# CMPSCI 601: Theory of Computation

### David Mix Barrington

#### Solutions posted Mon 11 August 2003

Questions are in black, solutions in blue.

• Question 1 (30): Remember that the language 3-COLOR, the set of all undirected graphs that can be vertex-colored with three colors, is NP-complete. Here we consider some potential approximation schemes for this problem.

• (a,10) Suppose we had a poly-time algorithm that inputs an undirected graph and produces a coloring that used at most 5/4 times the optimal number of colors. Prove that in this case P=NP. (green text added 7 August 2003)

This algorithm can be used to decide the NP-complete language 3-COLOR. Given an undirected graph, we first apply the given algorithm and determine how many colors are used in its coloring. If there are three or fewer, we know that the input graph is 3-colorable and return "true". If it has four or more colors, we return "false". We are correct in returning "false" in this case because if the optmimal number were 3 or less, the algorithm would have used at most 3*(5/4) = 3.75 colors. Since it used four or more, there cannot have been a 3-coloring. If any NP-complete language can be decided in poly-time, then P=NP. (This decision procedure uses the poly-time given algorithm and then just counts the colors in the graph and answers, which is clear in poly-time overall.)

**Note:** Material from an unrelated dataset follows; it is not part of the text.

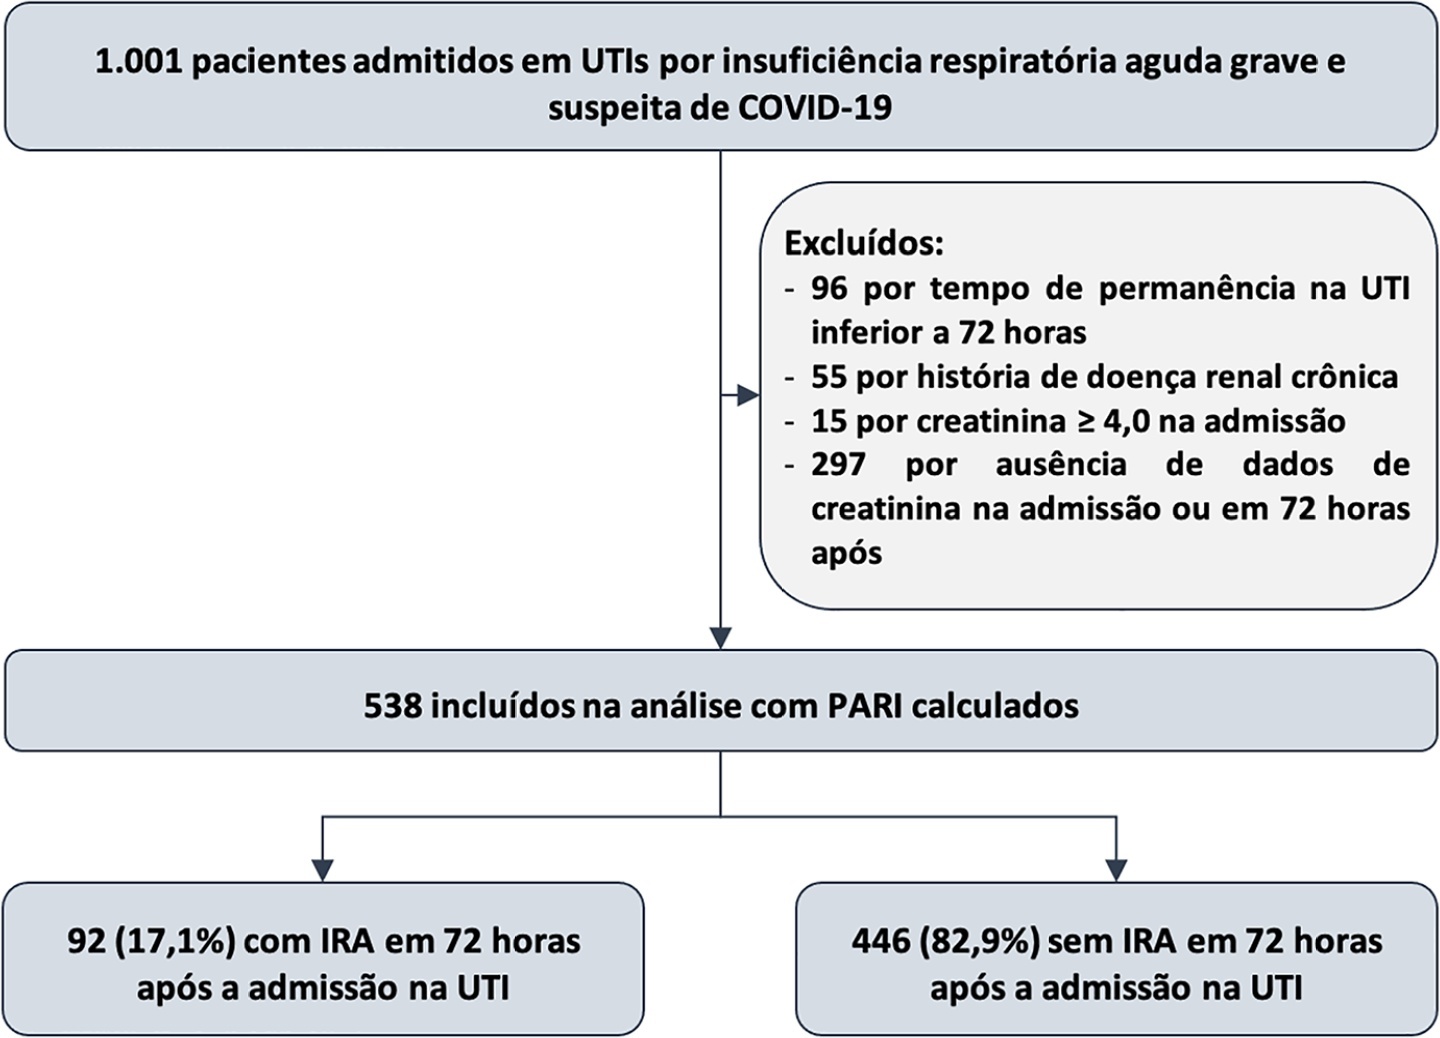 Acurácia do persistent AKI risk index na predição de injúria renal aguda em pacientes admitidos na unidade de terapia intensiva por insuficiência respiratória aguda

• (b,10) Suppose that we had a poly-time algorithm that inputs an undirected graph and produces a 3-coloring that is within one of optimal in terms of the number of correct vertices. That is, if there is a 3-coloring in which k of the n vertices are colored correctly, the algorithm produces a coloring with at least k-1 vertices colored correctly. (A vertex is colored correctly if all its neighbor's colors are different from its own color.) Prove that P=NP in this case.

Again, we will use the given algorithm to solve 3-COLOR in poly-time. Given an input graph G, let the graph H be two copies of G with no other edges. Give H to the given algorithm. (Since the size of H is only polynomially larger than that of G, the running time will still be polynomial in the size of G.) Suppose that G is 3-colorable. Then H is also 3-colorable. Since the coloring of H has only one vertex that is not colored correctly, at least one of the two copies of G must be entirely correct. We just check both of them and return "true" if either of then is correctly colored. Otherwise we return "false". It is clear that the extra work after the given algorithm is poly-time, and that we will return "true" iff G is 3-colorable. Since the NP-complete langauge 3-COLOR is in P under the assumption that this algorithm exists, P=NP in this case.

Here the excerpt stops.